Details, details…A cool cup of steaming tea
Writers are always taught to show, not tell. A good example of this is at the beginning of The Night Circus, the wonderful debut novel by Erin Morgenstern.
Early in the book, Prospero the Enchanter is called into his theater manager’s office, because a five-year old girl has been left for him, brought in by a lawyer along with her mother’s suicide note. Other than being told that her eyes are a smaller, wider version of Prospero’s, we know little about the girl. She is left alone with a cup of tea, awaiting the magician. An odd situation to be sure, and one that makes the reader want to learn more.
The scene is set. Prospero sees the girl, reads the letter and realizes she’s the daughter he never knew. A lesser writer may have given us details about each of their reactions—he winced, she shed tears or snarled at him etc. But this author shows us so much more about their relationship with a simple cup of tea.

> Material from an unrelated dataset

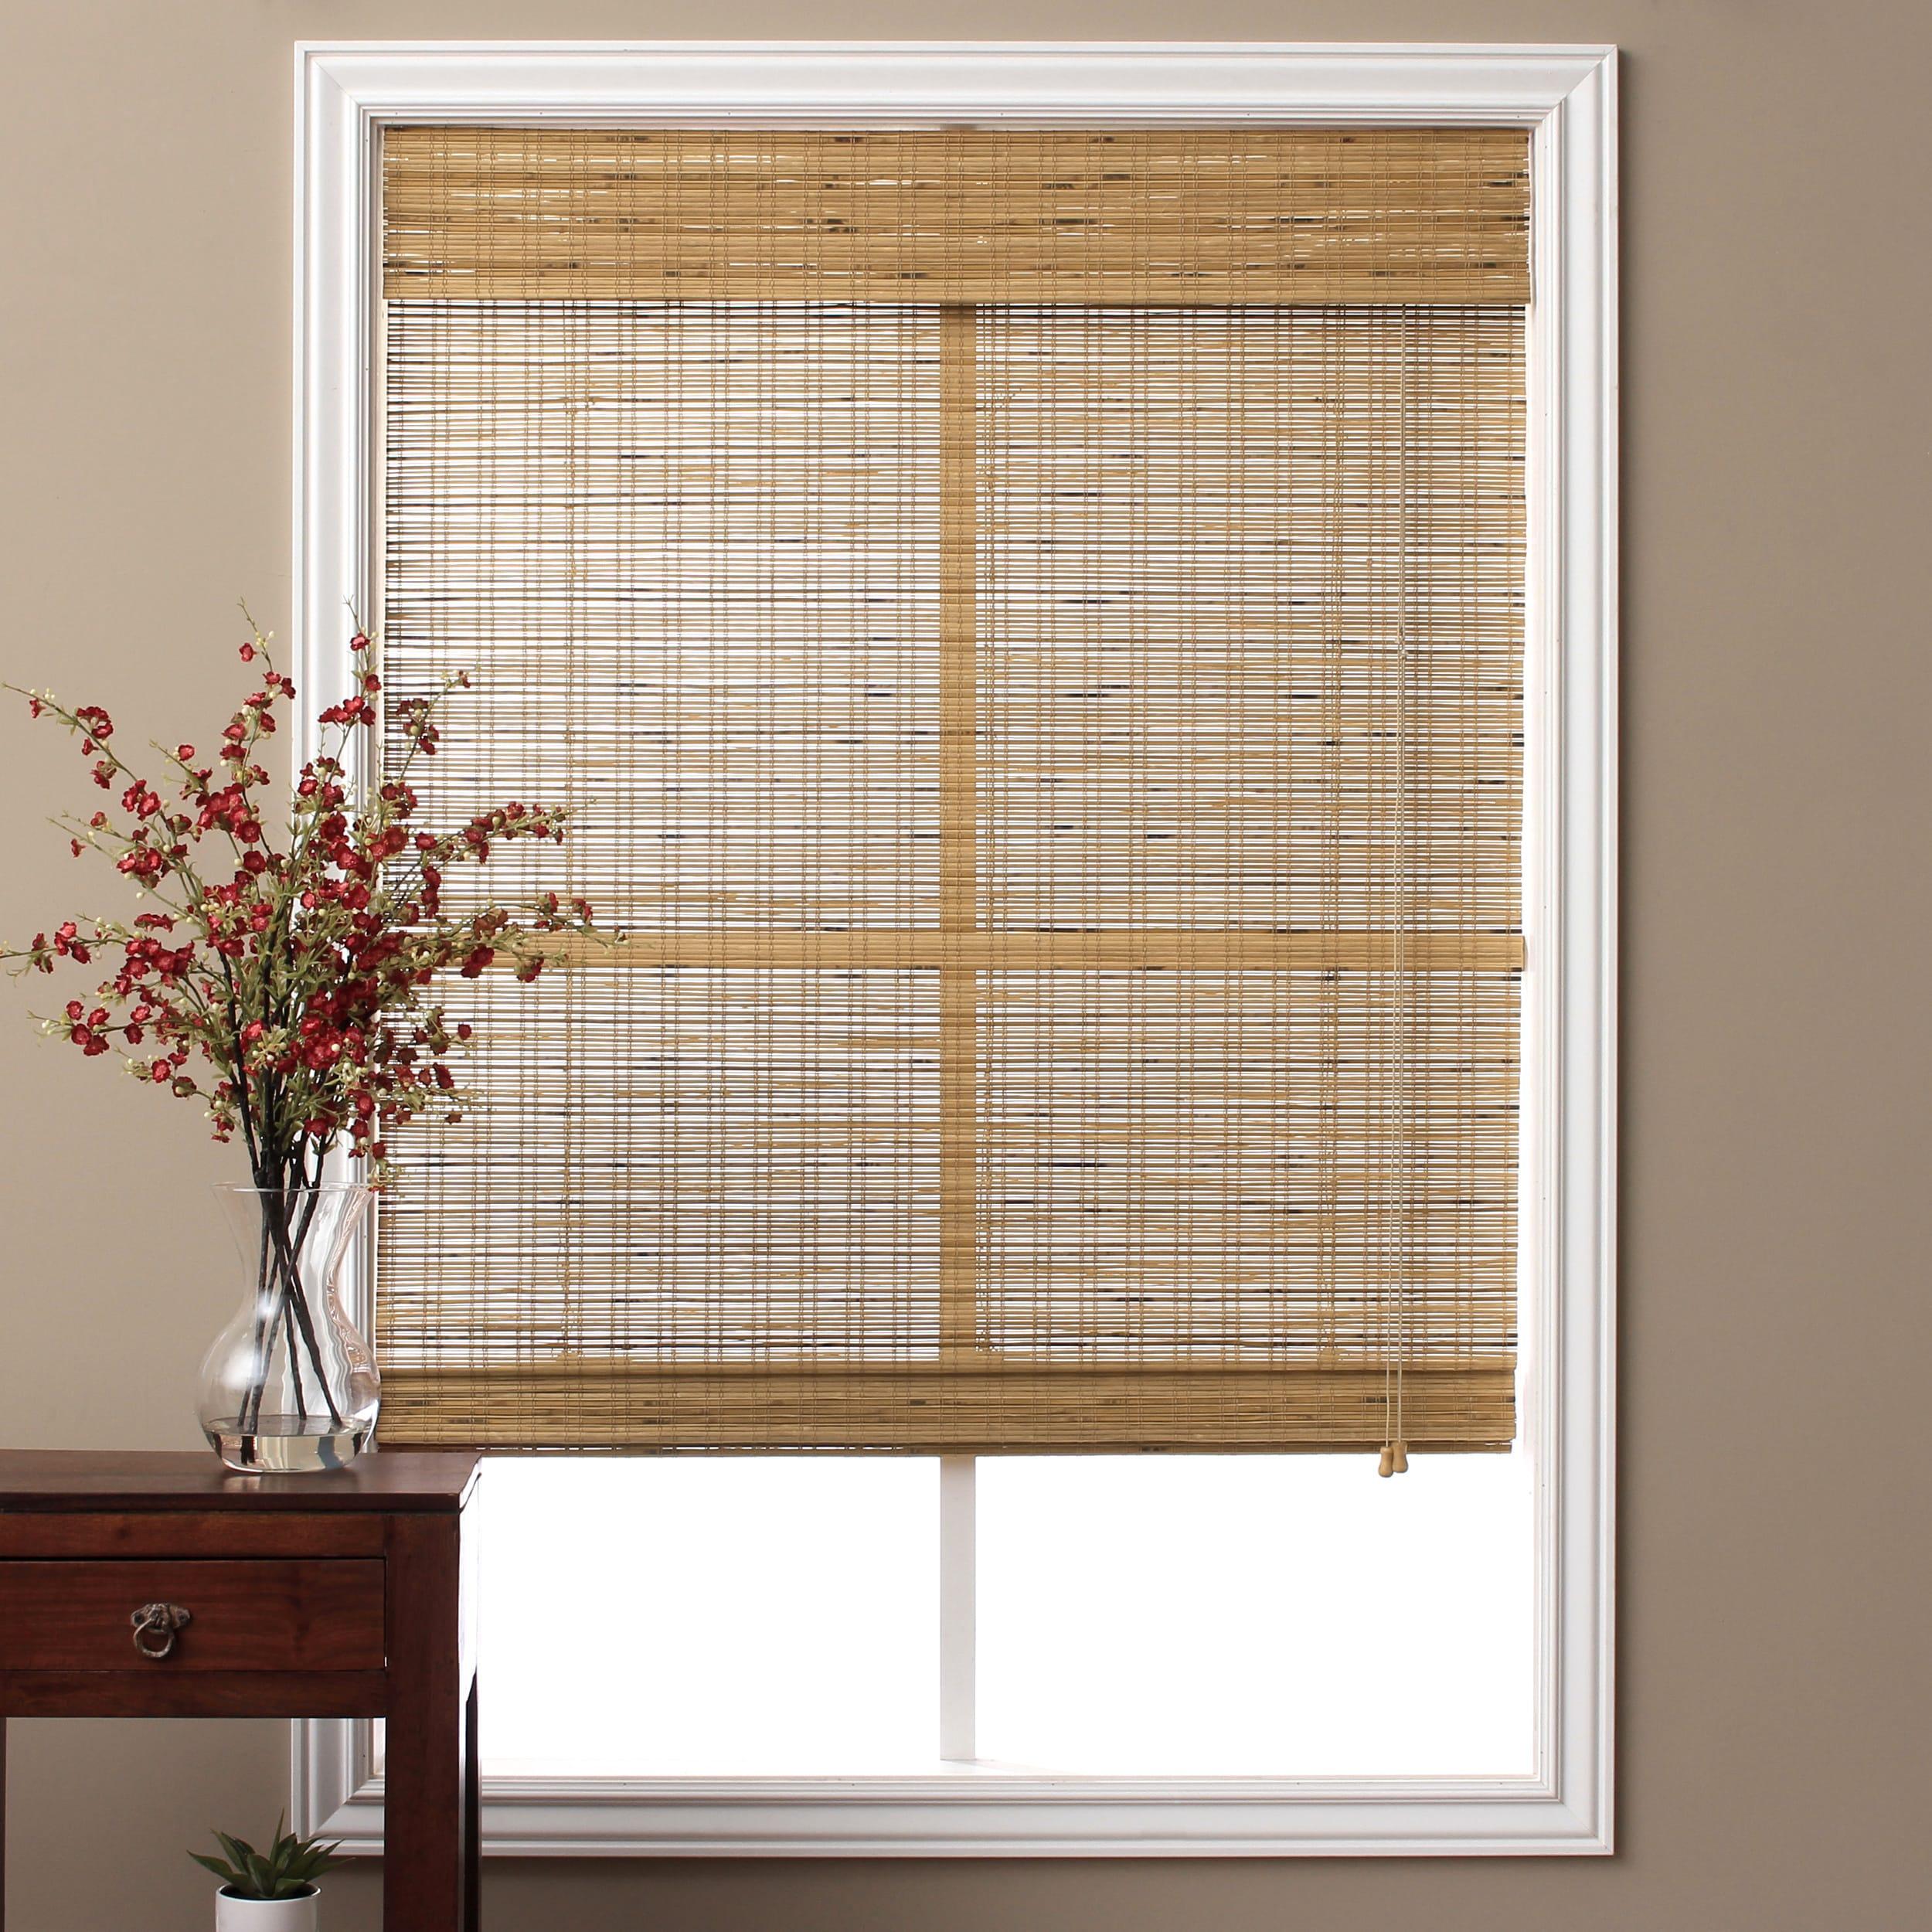 Bamboo Roman Shades Window Blinds Curtain Roll Light Filter Tuscan Home Decor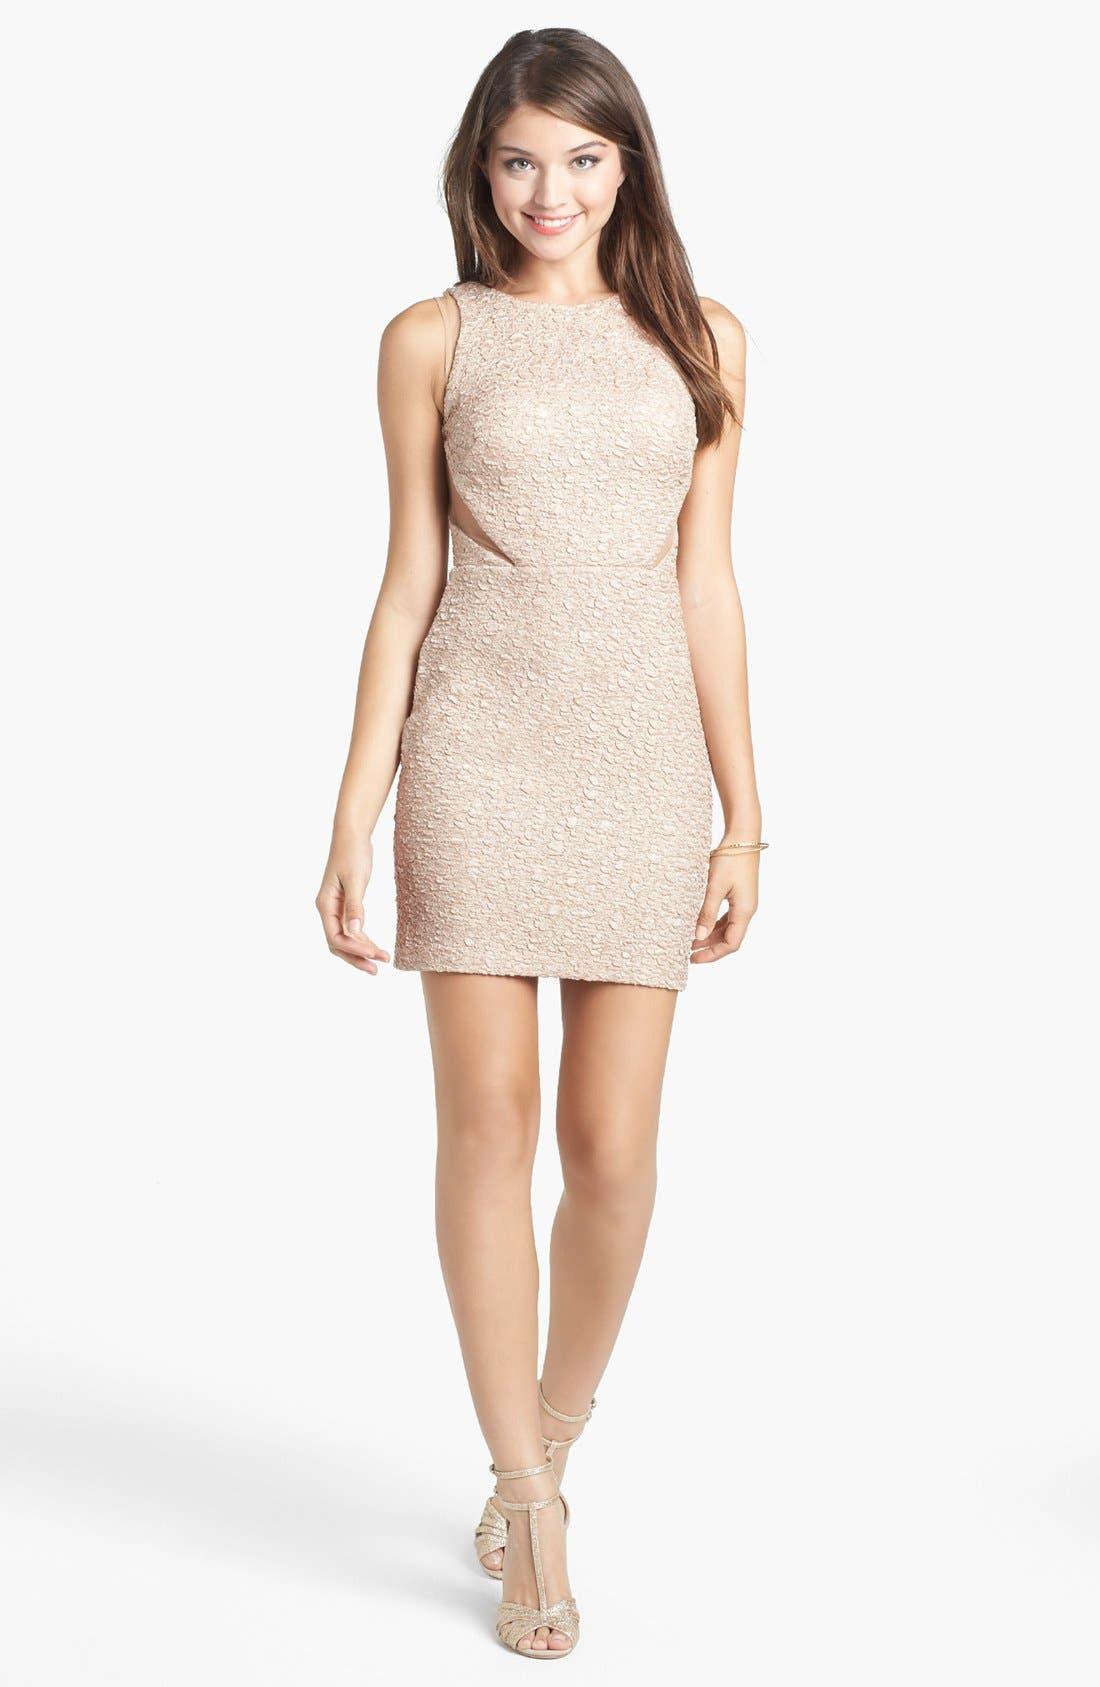 Main Image - Hailey Logan Illusion Panel Textured Body-Con Dress (Juniors)

“The girl looks up at him again. Dark eyes narrow beneath her curls.
The teacup on the desk begins to shake. Ripples disrupt the calm surface as cracks tremble across the glaze, and then it collapses in shards of flowered porcelain. Cold tea pools in the saucer and drips onto the floor, leaving sticky trails along the polished wood.
The magician’s smile vanishes. He glances back at the desk with a frown, and the spilled tea begins seeping back up from the floor. The cracked and broken pieces stand and re-form themselves around the liquid until the cup sits complete once more, soft swirls of steam rising into the air.
The girl stares at the teacup, her eyes wide.”
Character established. Relationship defined. Mission accomplished.